1)Go to their website at: http://www.febinternational.ca/
2)Go the section of the website called “Contribute”, which is located on the far right at the top of the screen.
3)There are three forms listed on this page. The form you are looking for is the middle one called, “Donation Form”.
4)Print this form, fill it out and mail it with a cheque to Feb International. (The address is included on the form.)
a.The envelope should be addressed to Feb International, Attention: Norman Nielsen.
b.The cheque should be made out to Feb International
c.To direct the donation to Sinakekele Children, include that name on the form in the section titled, “Donation Information.”
d.If you do not check the last box titled, “Please send my tax receipt at the end of the year.” Then it will be mailed to you within a couple of weeks.

Online:

Follow the same process as above, but select the form entitled, “Secure On-line Donation Form” instead. Fill out the appropriate information, but make sure to include “Sinakekele Children” in the space labelled, “Missionary Name”.

I looked back on what I had written while in Africa, to remind myself. My journal on May 21st said, “Ruth always says that once you have Africa in your blood or under your feet it never leaves you. I think I’m experiencing a little bit of that tonight. I feel like I’m leaving a part of myself, my purpose, behind. When Ruth talks about this ministry, I feel like I could stay here forever, sitting in this tiny room with a suitcase of clothes and a mattress. I’m so content.”

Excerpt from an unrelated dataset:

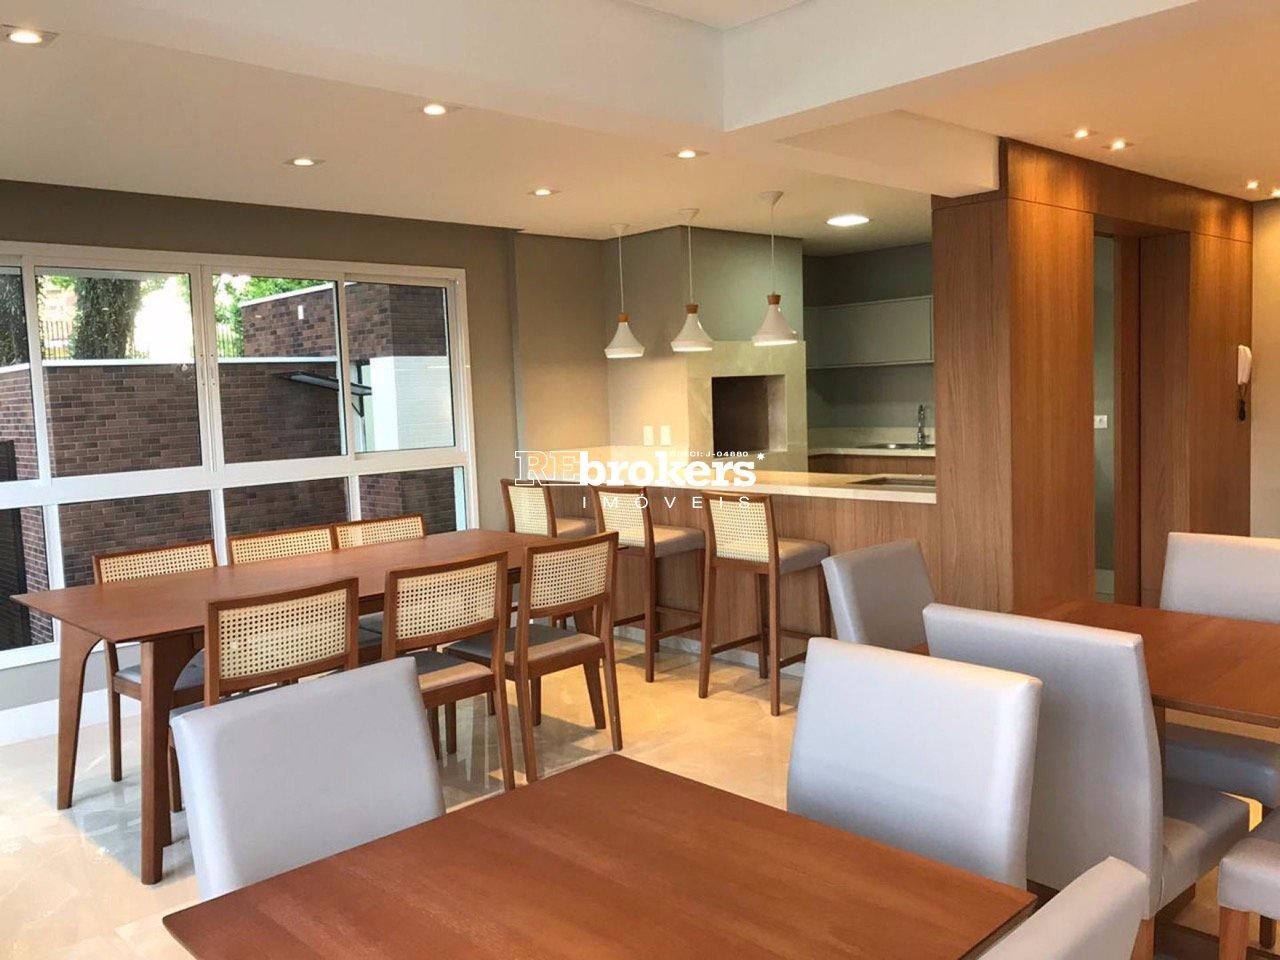 Apartamento com 3 dormitórios à venda em Curitiba, no bairro Mercês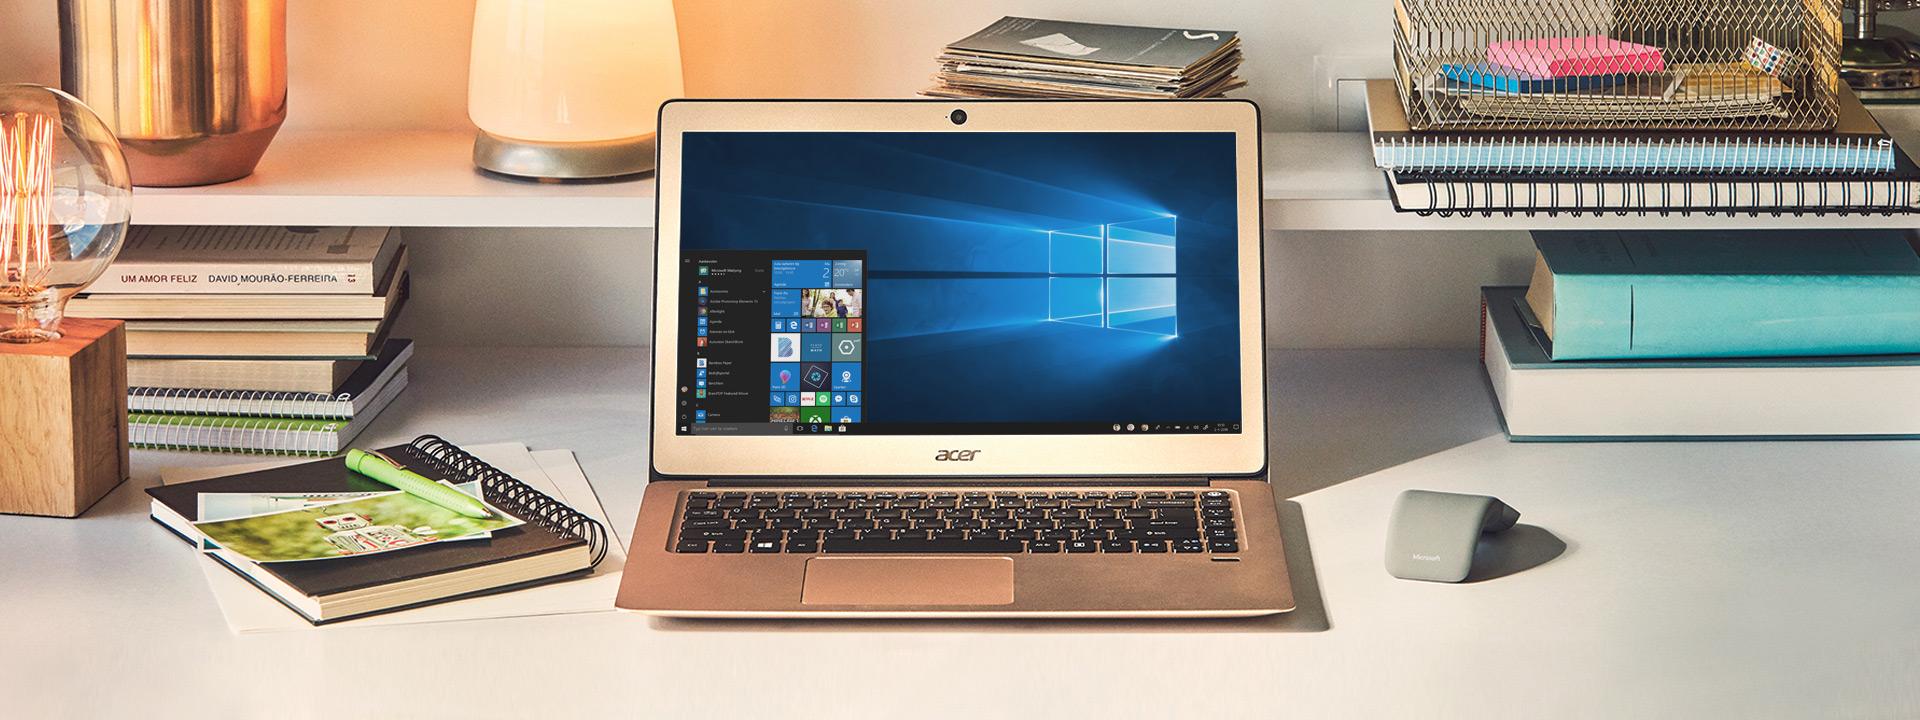 Acer-laptop en muis op een bureau omringd door boeken en notitieblokken

I need to do something quickly!

So Long Sweet Summer.

Summer is over. I leave for my new waterloo home tomorrow. Its been a very good summer, full of new adventures, new places, new people, old friends, old haunts and of course good old Sarnia.

This is the fourth time I’ve moved since going to university. I was off campus my first term, then in residence, then off campus with six of my friends and now I’m starting a brand new home. You’d think I’d be use to it by now.

I’m pretty poor at transitions. Change makes me nervous. I’ve always found that when I’m in a new situation there’s always this buffer time when I feel a little lost, when I find it hard to just relax and be myself.

Change is hard for me, but its also exciting. I’m looking forward to yet another wonderful year full of blessings and challenges. Who knows what’s in store. So long sweet summer.


My tribute to summer. I’ll miss all of you!